The Big Leaps Coming to the World Economy

Brian Gongol


Five revolutionary changes (all for the better) coming soon for the global economy:

Moving the world's poor into the middle class

Scale: Probably moving from 2 billion to 7 billion middle class

Time horizon: Bill Gates estimates 25 years; he's probably right

Impact: 3 to 4 times the number of people with the luxuries of education, time, and resources to invest in new ideas. Staggering potential.

Incorporating the ideas and contributions of women into the world's economies and political structures

Scale: Basically, 50% of the planet

Time horizon: Progress is inconsistent around the globe, but once it starts, it tends to auto-catalyze

Impact: Doubling the world's store of ideas. The United States, celebrated for its liberal democratic freedoms, only adopted women's suffrage in 1920 via the 19th Amendment -- not even a full century ago -- and certainly has much work yet to be done to fully recognize and capture the potential value of women's contributions to society and the economy. As Warren Buffett put it, "America has forged this success while utilizing, in large part, only half of the country's talent." It's acknowledged that even among the world's richest countries, women are simply not represented in the upper echelons of politics and business in proportion to their share of the population (or ability). Meanwhile, Saudi law prohibits women from driving, there are millions of "missing" women in India, and sex-selective abortion and infanticide in China happen on a scale that boggle the mind.

Automation extending its reach (self-piloted vehicles, factory automation, household automation)

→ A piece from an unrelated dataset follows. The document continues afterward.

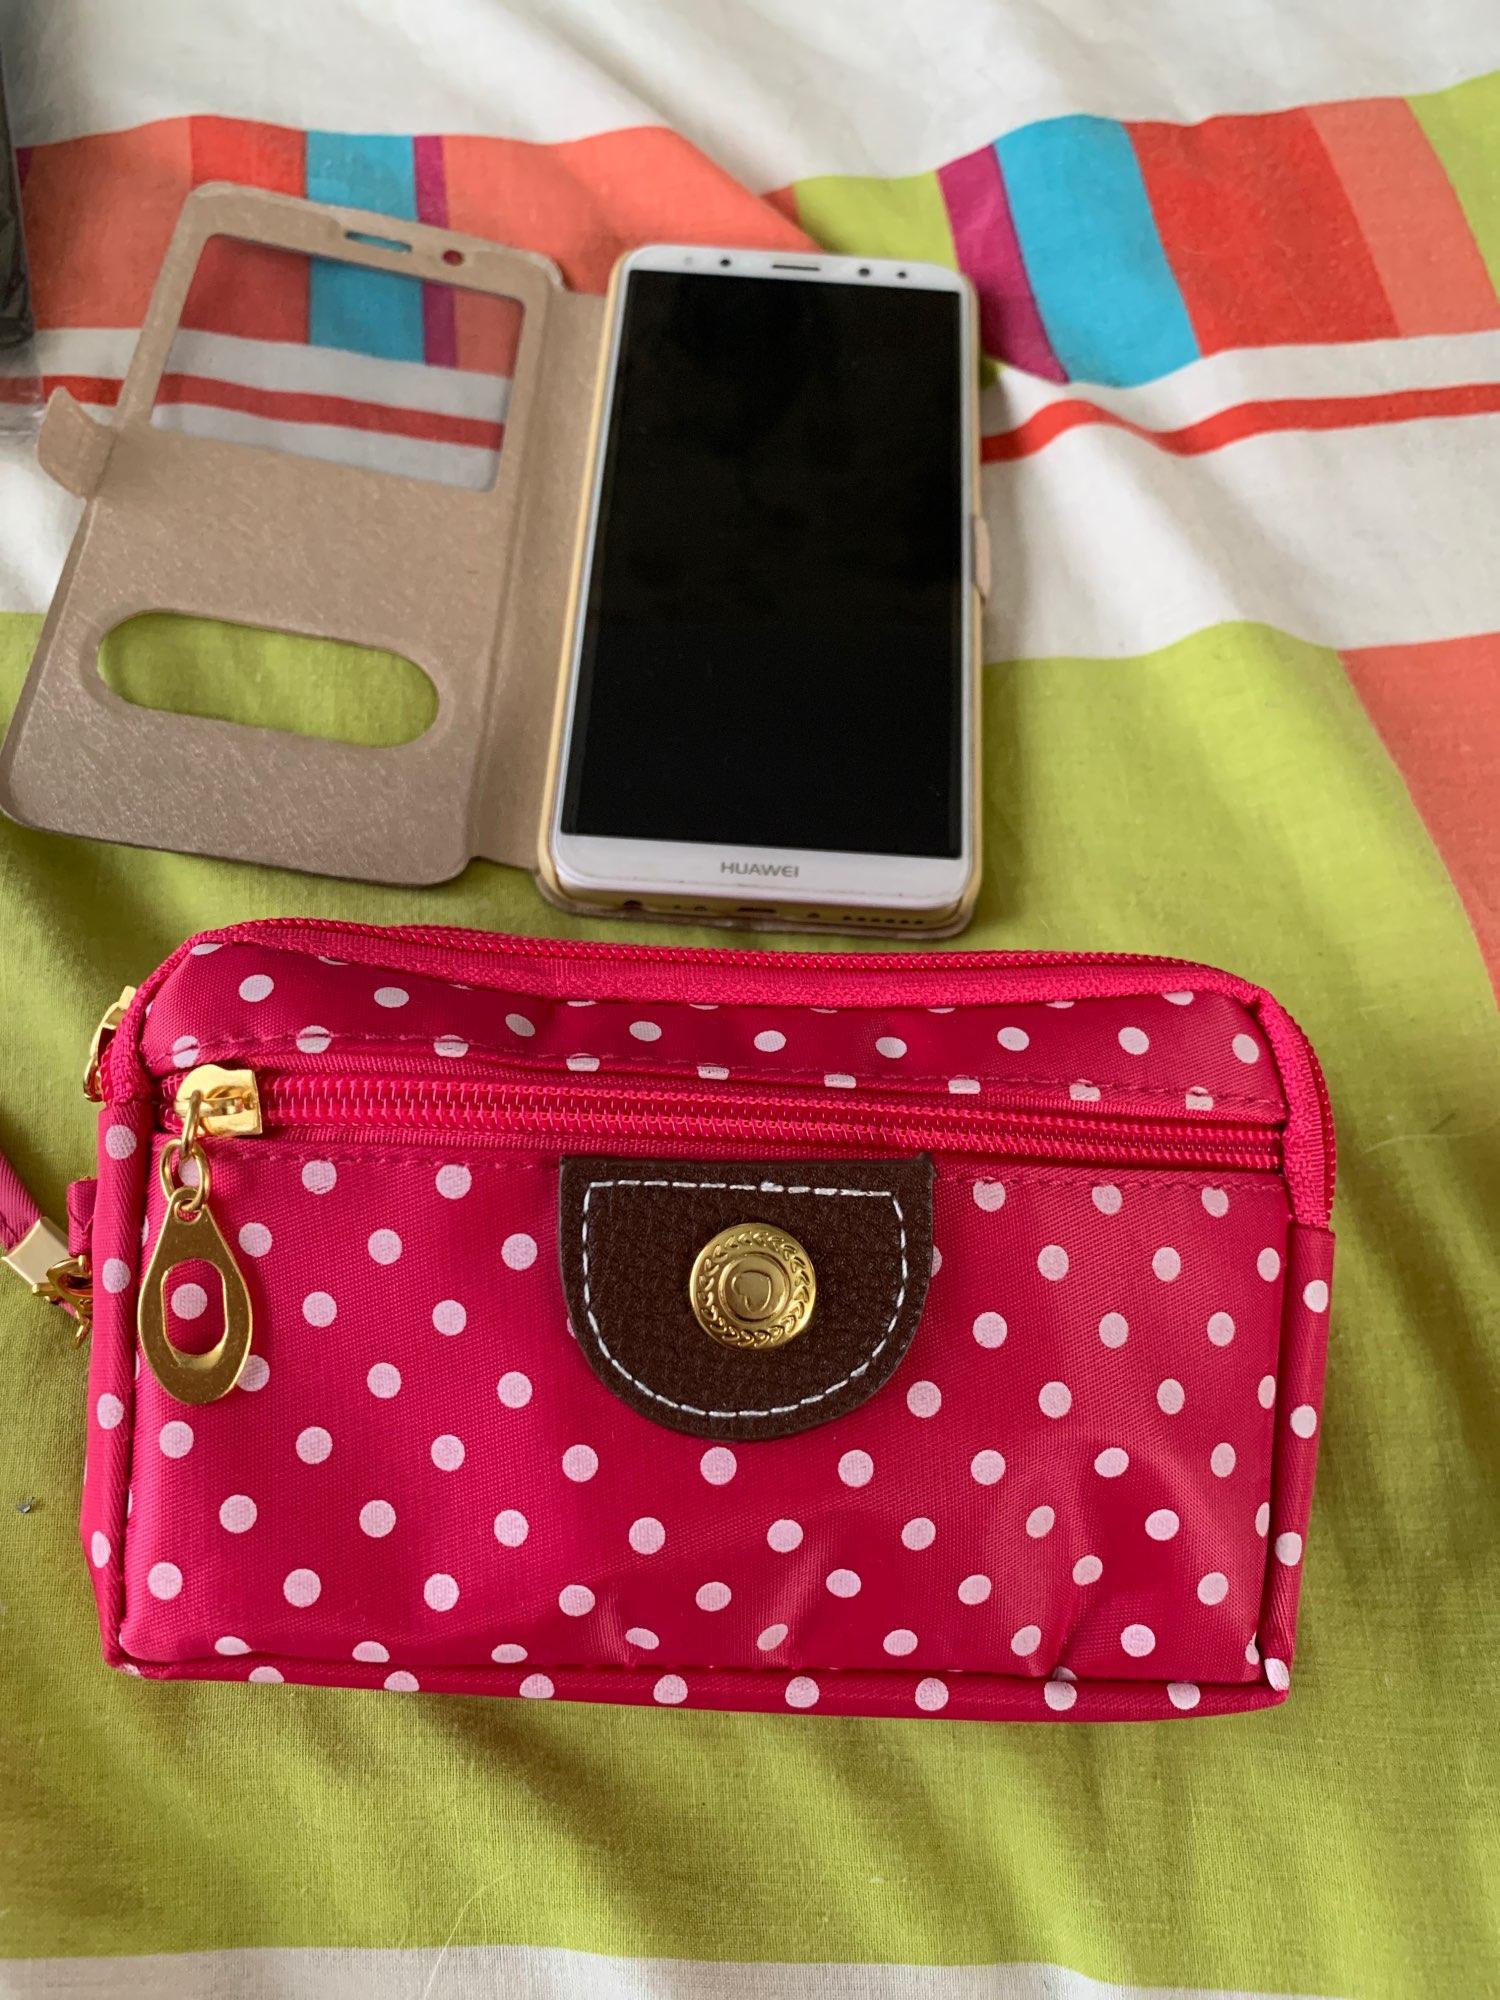 Fashion Women Wallets Small Handbags Canvas Dot Lady Zipper Moneybags Clutch Coin Purse Pocket Wallet Cards Holder Wristlet Bags|wristlet bag|wallet card holderwomen wallets small - AliExpress

Scale: Virtually everyone in rich countries, and a significant spread into many lives in the global middle class

Time horizon: Ten to twenty years for much of the impact to percolate through most people's lives

Impact: Potentially increasing our useful and leisure time by 25% or more, depending on how individuals already allocate their time. Should in many ways be comparable to the impact of the mechanization of agriculture -- dramatically increasing output per person.

Massive forward leaps in computing power

Scale: Everyone

Time horizon: We're likely to be completely blown away by the increasing capacities and declining costs over the next 10 years

Impact: Whether or not "quantum" computing comes to fruition, the continued progress of computing power and cost according to Moore's Law is such that we are basically on the brink of seeing more progress made in the next five to ten years as we've seen in the entire history of computing up until today. Many things will become economically feasible to automate/computerize simply due to the fact that a cheap computer doing things by "brute force" really fast will be able to produce more useful output than many real people would be able to achieve by thinking it through. IBM's Watson supercomputer is mind-blowing today, but household computers in ten to fifteen years will probably eclipse it. We are, as it is sometimes put by analogy, entering the second half of the chess board -- a reference to the power of exponential growth, in which doubling something (like computer speeds) is impressive in relative terms early on, but becomes inconceivably big in absolute terms once one approaches the 30th cycle or thereabouts. (It's a reference to the fable of the king and the grains of rice, and our incapacity to anticipate just how quickly something can grow when it expands at a consistent and compounding rate.) For reference, depending on how you count it, we're presently in the neighborhood of the 30th "doubling" of computing speeds, according to Moore's Law.

Mastering the subconscious mind

Scale: Everyone

Time horizon: Terribly uncertain today, but the impact of computing-driven research should help clear the way for a decent forecast. Quite possibly as soon as the next 25 years.

Impact: The "flashes of brilliance" we sometimes have are almost certainly the work of subconscious thinking, in which our brains process (behind the scenes) the information we gather in our conscious moments. Should we learn to control or focus or at least train our minds to make better use of that subconscious activity (including sleep), we would gain rather profoundly.